Graphs

The relation system allows creating Entity hierarchies and graphs.

These graphs can be traversed in different ways through the use of a Query.

The default child_of relation provides a mutually exclusive parent-child relation, which is perfect for transform hierarchies or trees, and is trivial to construct using the EntityBuilder::attach method.

#![allow(unused)]

fn main() {
    let root = Entity::builder()
        .set(name(), "root".into())
        .attach(
            child_of,
            Entity::builder().set(name(), "root.child.1".into()).attach(
                child_of,
                Entity::builder().set(name(), "root.child.1.1".into()),
            ),
        )
        .attach(
            child_of,
            Entity::builder().set(name(), "root.child.2".into()),
        )
        .attach(
            child_of,
            Entity::builder().set(name(), "root.child.3".into()),
        )
        .spawn(&mut world);

}

Likewise, attach_with can be used for stateful relations

Depth First Iteration

Dfs allows traversing hierarchies in depth-first order.

#![allow(unused)]

fn main() {
        let mut query = Query::new((entity_ids(), name())).with_strategy(Dfs::new(child_of));

        tracing::info!("Dfs:");
        for (id, name) in query.borrow(&world).iter() {
            tracing::info!(?id, ?name);
        }

}

Traversal

For modifying a graph through a value which is passed through the parents, such as updating a UI layout, there is Dfs::traverse which provides an easy recursion based visiting, which can for example be used for updating transform hierarchies.

Example:

#![allow(unused)]

fn main() {
    let update_world_position = System::builder()
        .with_query(
            Query::new((world_position().as_mut(), position())).with_strategy(Dfs::new(child_of)),
        )
        .build(
            |mut query: DfsBorrow<(ComponentMut<Vec3>, Component<Vec3>), All, ()>| {
                query.traverse(&Vec3::ZERO, |(world_pos, &pos), _, &parent_pos| {
                    *world_pos = pos + parent_pos;
                    *world_pos
                });
            },
        );

    let mut buf = String::new();
    let print_hierarchy = System::builder()
        .with_query(
            Query::new((name(), position(), world_position())).with_strategy(Dfs::new(child_of)),
        )
        .build(move |mut query: DfsBorrow<_, _, _>| {
            query.traverse(&0usize, |(name, pos, world_pos), _, depth| {
                let indent = depth * 4;
                writeln!(
                    buf,
                    "{:indent$}{name}: {pos} {world_pos}",
                    "",
                    indent = indent,
                )
                .unwrap();
                depth + 1
            });

            tracing::info!("{buf}");
        });

    let mut schedule = Schedule::new()
        .with_system(update_world_position)
        .with_system(print_hierarchy);

    schedule.execute_seq(&mut world).unwrap();

}

See: transform

Topological Iteration

In addition to depth first traversal, queries offer iteration in topological ordering through Topo.

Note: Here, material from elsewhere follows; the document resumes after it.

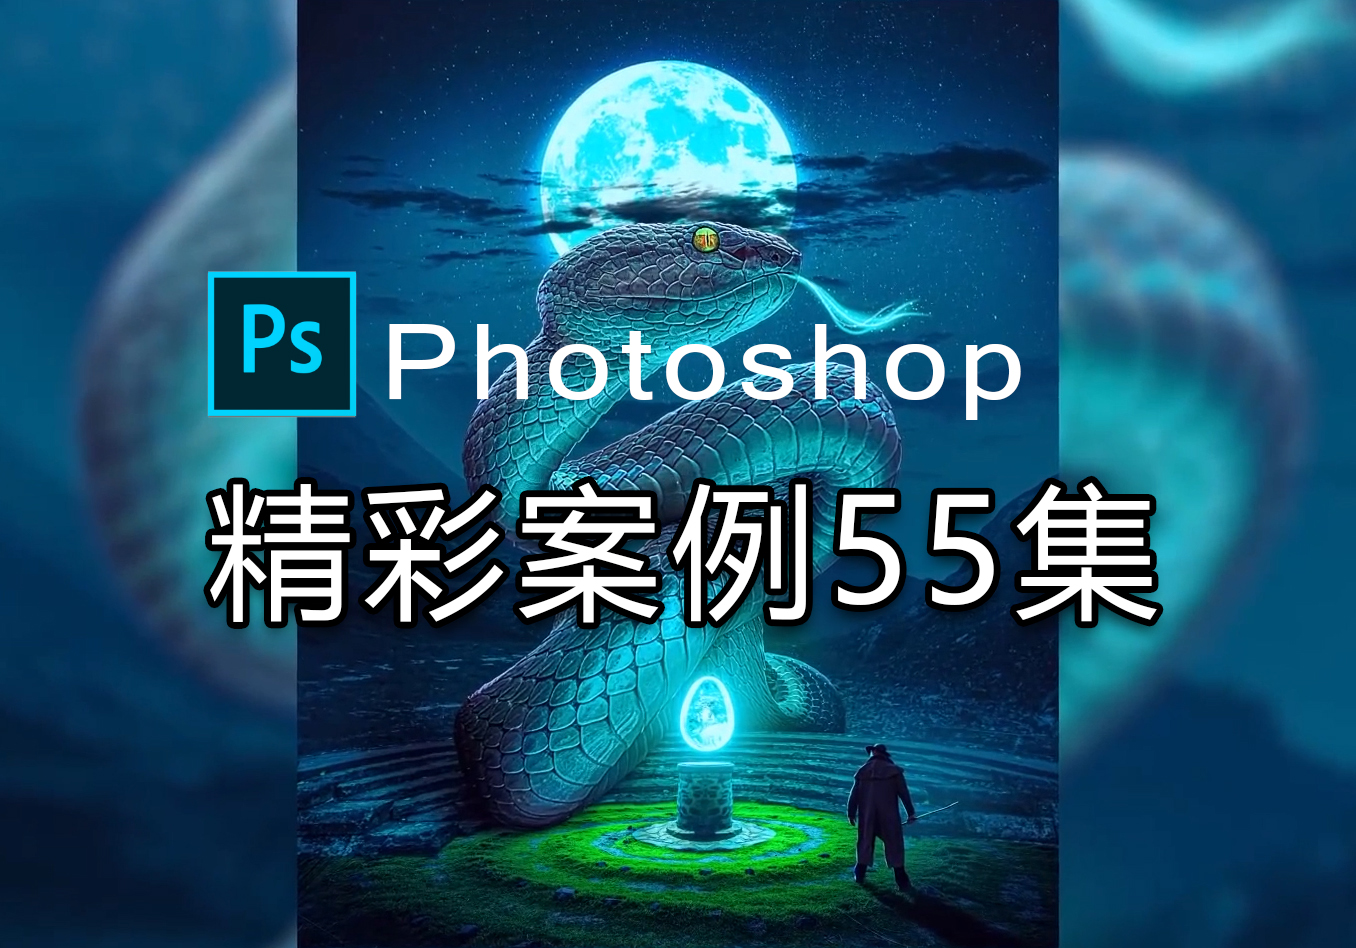 photoshop精彩案例55集教程下载

Topological ordering is less constrained as it only ensures that each node's parents are visited before the children, but not that the children are visited immediately after the parent.

More specifically, each node is visited in the ordered of their maximum recursion depth. I.e, first all roots are visited, then all children, then all 2nd level children and so on.

This allows far greater cache locality and is more similar in memory access patterns to the non-relation aware Planar strategy.